Sophie, je ne suis pas avec toi à Gageron mais je suis avec toi en pensées. J’ai ton faire-part indien devant moi (que j’adore et que je vais faire encadrer) : j’aime beaucoup ce dessin qui vous ressemble tellement !

Je ne suis pas avec toi mais je vais suivre pas à pas le déroulement de la soirée, en pensées.

Je pense à toi, je pense à Jérôme, je pense à toute la famille réunie …..Et je vous embrasse très très très très très fort !

6 réflexions sur « Souvenirs, souvenirs…. »

  1. Salut,

    « Son imaginaire de petite fille a sans doute transformé la mouche en plastique en véritable mouche. »
    Et pourquoi ne serait-ce pas ton déni de 8 qui aurait transformé la véritable mouche en mouche en plastique ?

    De toute façon, une véritable mouche, cela fait au moins une ration de protéines !

    Bises, Fabien

  2. souvenir souvenir! moi j ai ceux des dimanches et vacances passes chez ma grand mere( a la campagne, 3000m2 de terrain et surtout un bois pas loin avec les tombeaux des seigneurs du chateau voisin! de quoi nourrrir notre imaginaire..) avec ma soeur ainee et nos 2 cousins…je ne sais pas si ma grand mere s en souvient( elle a 106 ans) mais ns la faisions tourner en bourrique surtout le soir qd ns allions rejoindre les garcons dans leur chambre( en faisant craquer le parquet) afin de parler, rigoler, jouer au fantome pendant que la malheureuse essayait de dormir.
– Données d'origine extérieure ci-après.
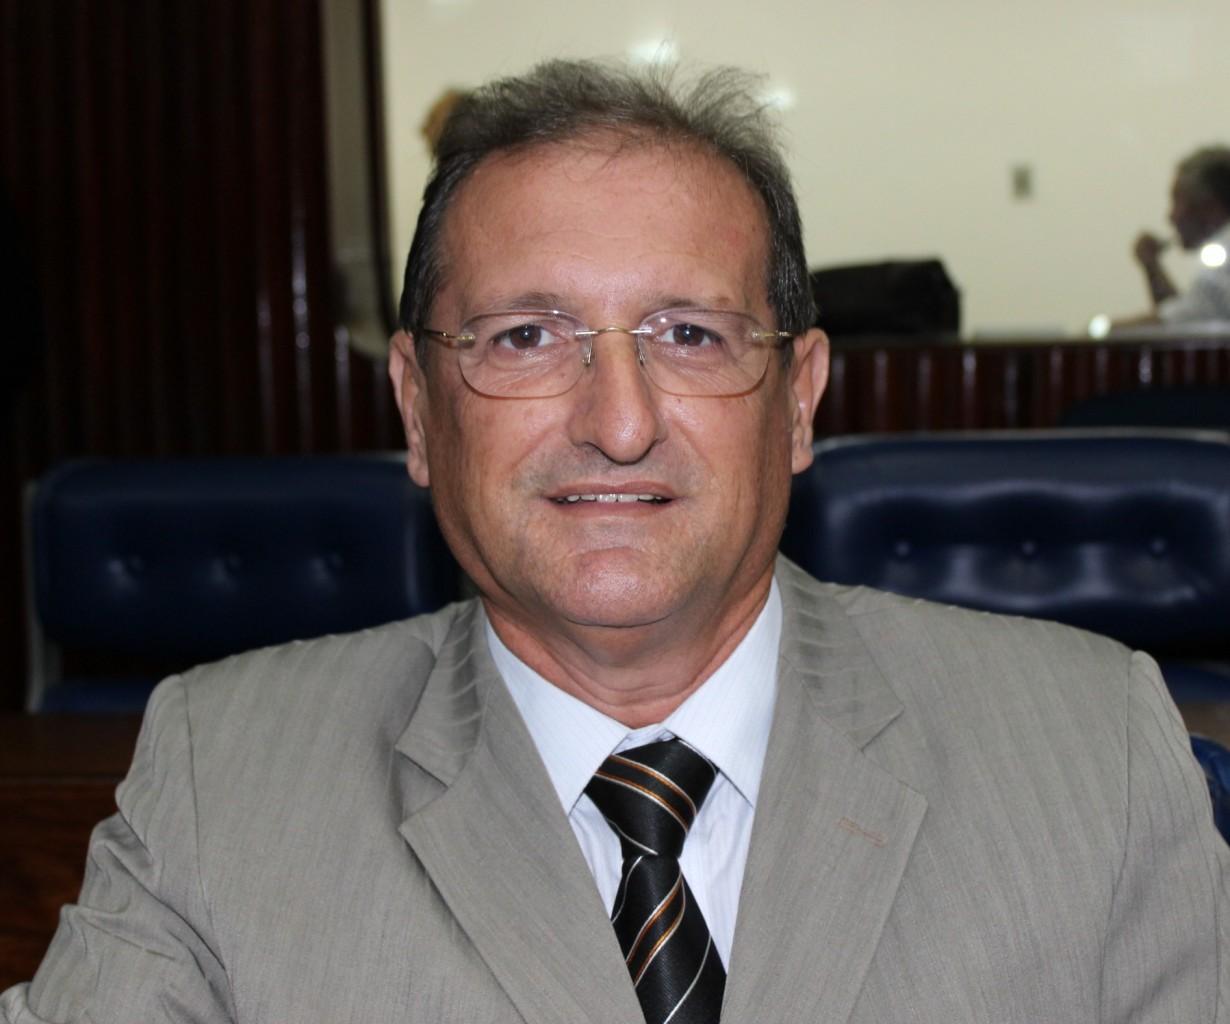 HERVÁSIO BEZERRA - Hervázio Bezerra diz que desconhece nome de Adriano Galdino para disputa da presidência da ALPB
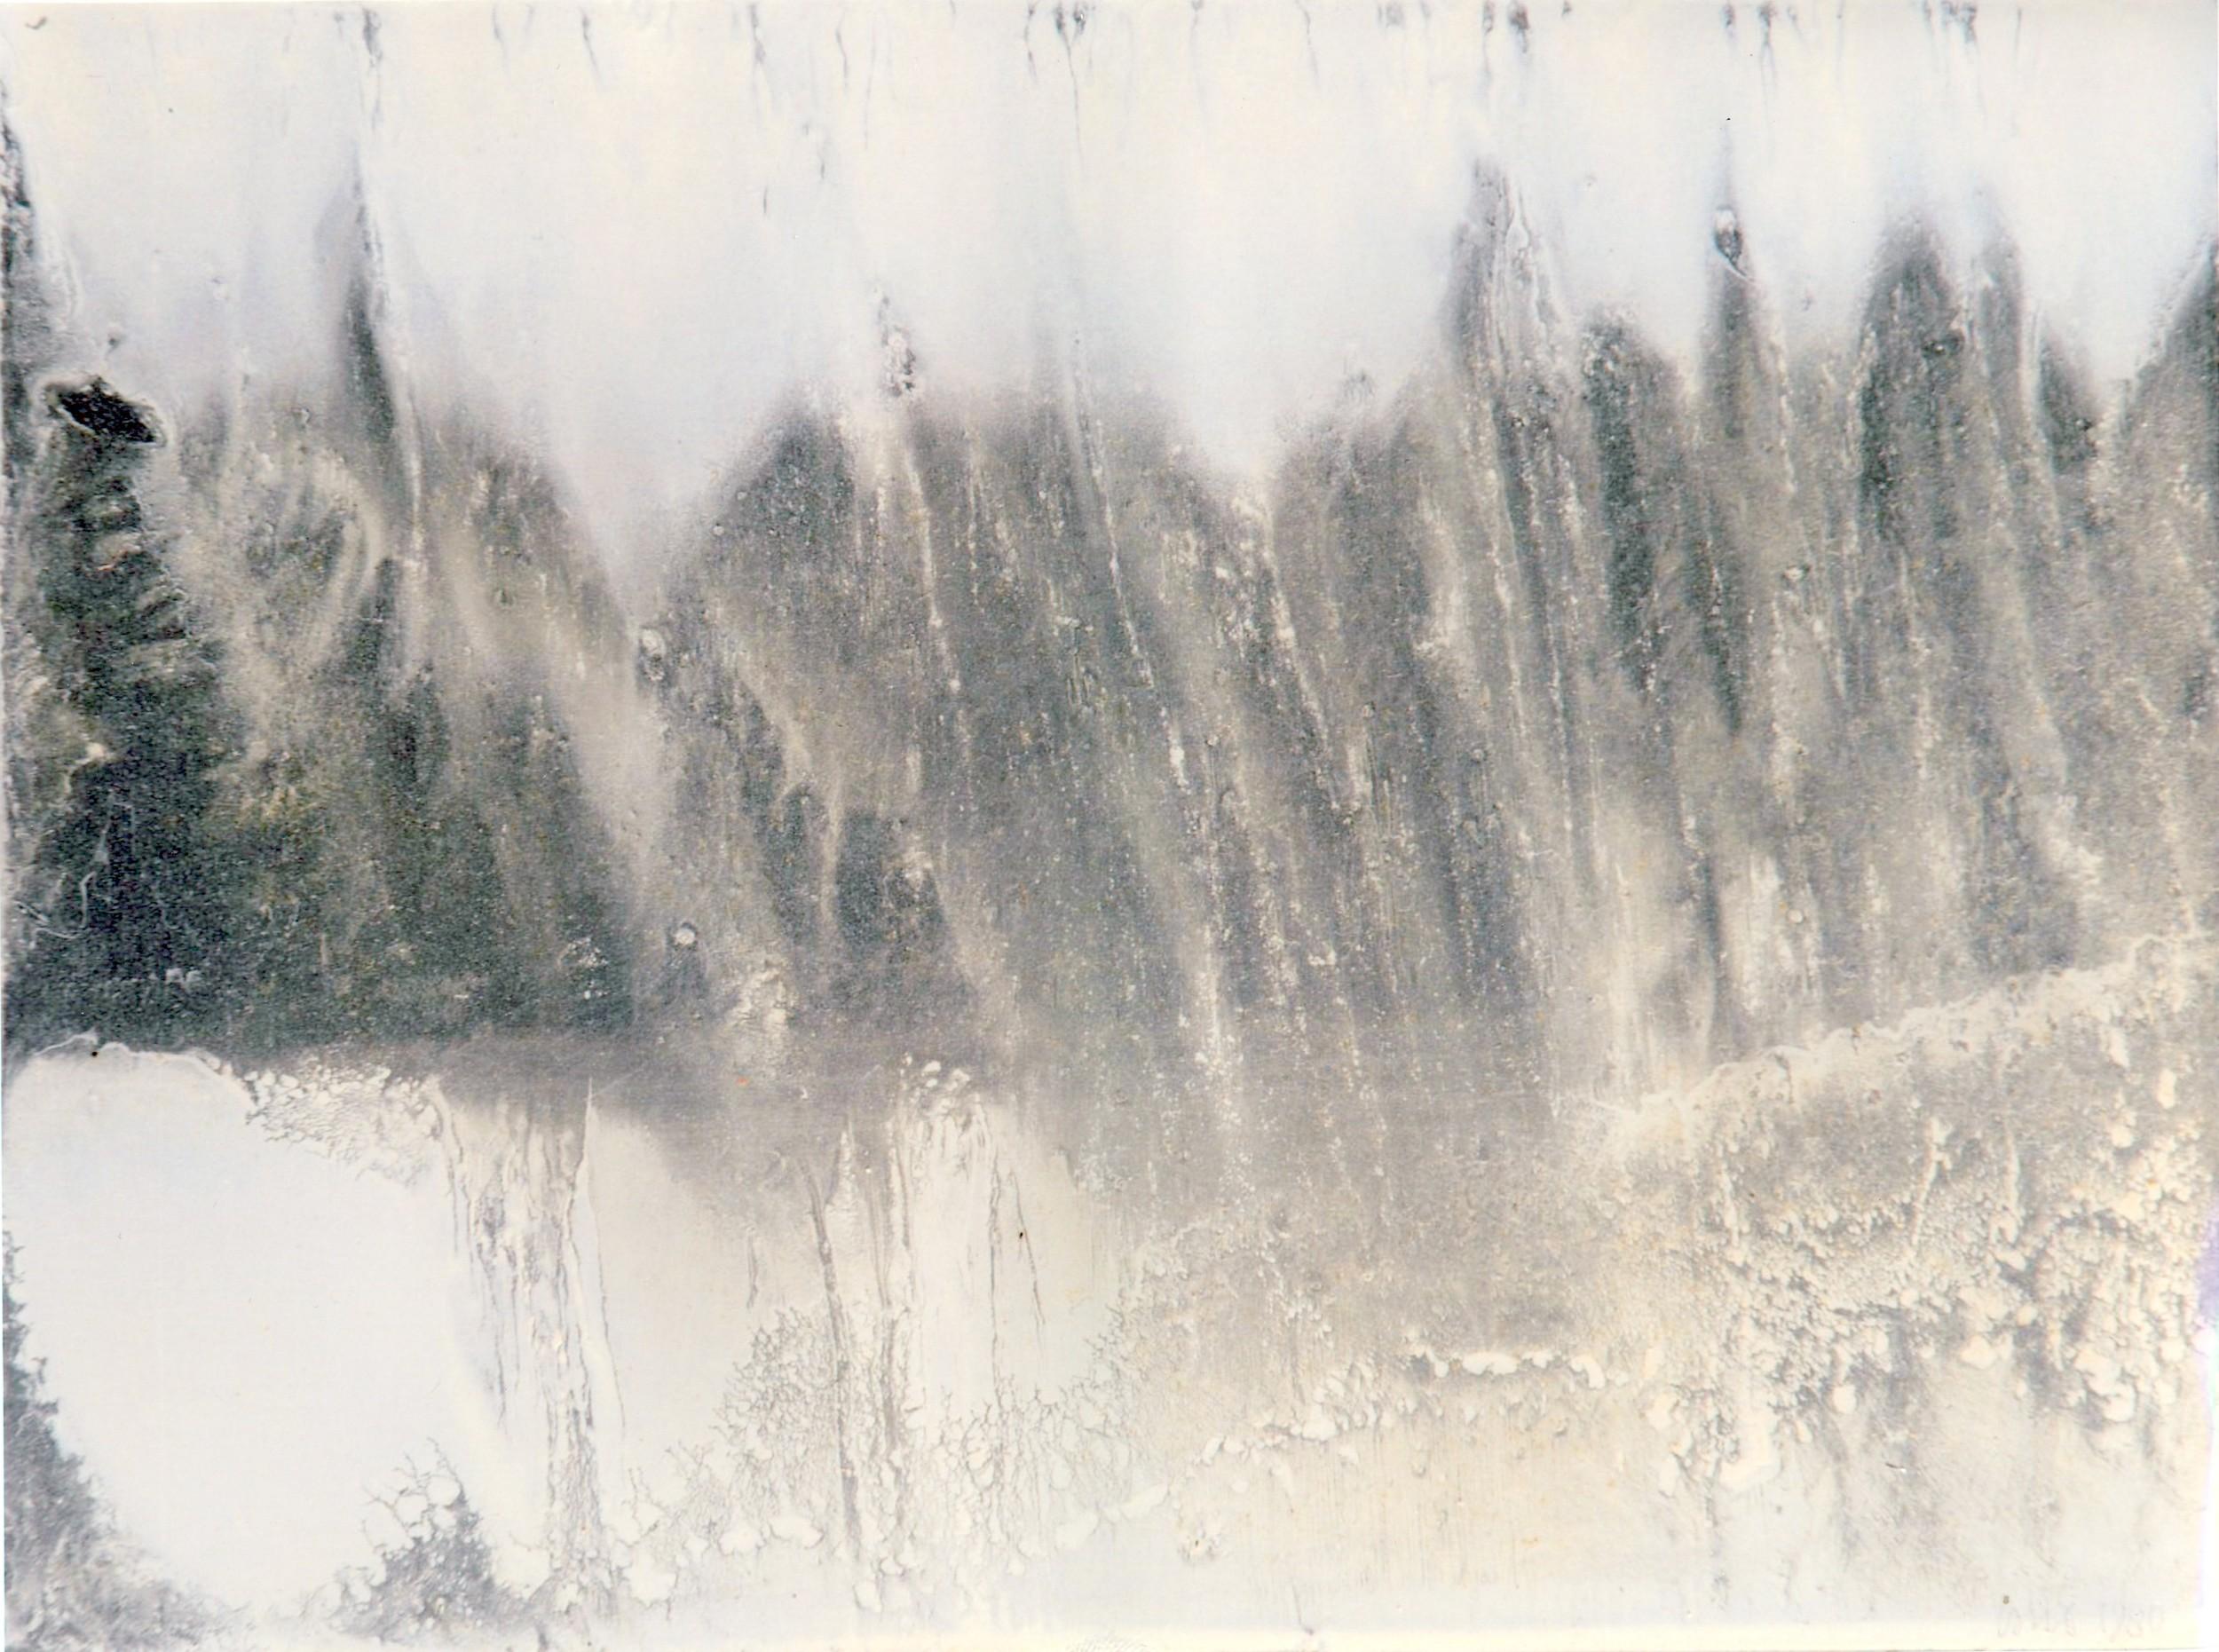 n.3,1980, dalla serie 'Le quattro stagioni', olio su lastra d'alluminio, cm 18x 24  n.3,1980, from the series 'Le quattro stagioni', oil on aluminium plate, cm 18x 24

Je regrette que mes enfants n aient pas connu la mme chose( j ai ete la premiere des 3 soeurs a avoir des enfants et mes neveux et niece sont nes bien trop tard pour creer de veritables liens). Le temps a passe, un est mort et l autre est loin…mais ns avons tjrs plaisir a nous rappeler,avec ma soeur, les blagues et les betises de cette epoque.

  3. Coucou Aurore,
    J’ai aussi une jeune cousine qui a le temps des vacances remplacé une sœur que je n’ai jamais eue.
    Nous avons vécus ensemble des choses merveilleuses qui ressemblent à ton enfance.
    Nos grands tante et oncle habitaient une vielle maison où ma mère y est née. Elle nous a raconté qu’elle avait vu, petite, un coffre rempli de Louis d’or. Nous avons eu beau chercher tous les été, sans succès. Mais une chasse au trésor, il n’y a rien qui soit plus existant!
    N’étant pas du même caractère que le tiens, je ne l’ai jamais (gentiment) torturé comme toi…quoique je me souviens d’une araignée en plastique très réaliste qui faisait son effet!
    Par contre nous partions en bande nous balader en forêt et elle nous a toujours courageusement suivi.

    Tu as raison, la famille c’est formidable et ces souvenirs d’enfance sont irremplaçables.

    Je comprends à quel point ta cousine te manque.

    Biz
    Jannik

  4. Coucou Jannik,

    Je découvre seulement ton commentaire aujourd’hui qui avait été filtré et était enregistré, pour une raison que j’ignore, en Sp*m.

    Je déplore souvent de ne pas avoir une maison de famille où mes enfants pourront se créer de tels souvenirs….avec des greniers, des trésors enfouis, leurs cousins et leurs cousines.

    Quoique Tristan a un imaginaire tellement riche que je le vois souvent combattre les dragons et les ‘méchants’ imaginaires dans le jardin ou sur la placette en face de chez nous.
    Je regrette toutefois qu’il ne voit pas plus ses cousins/cousines l’été.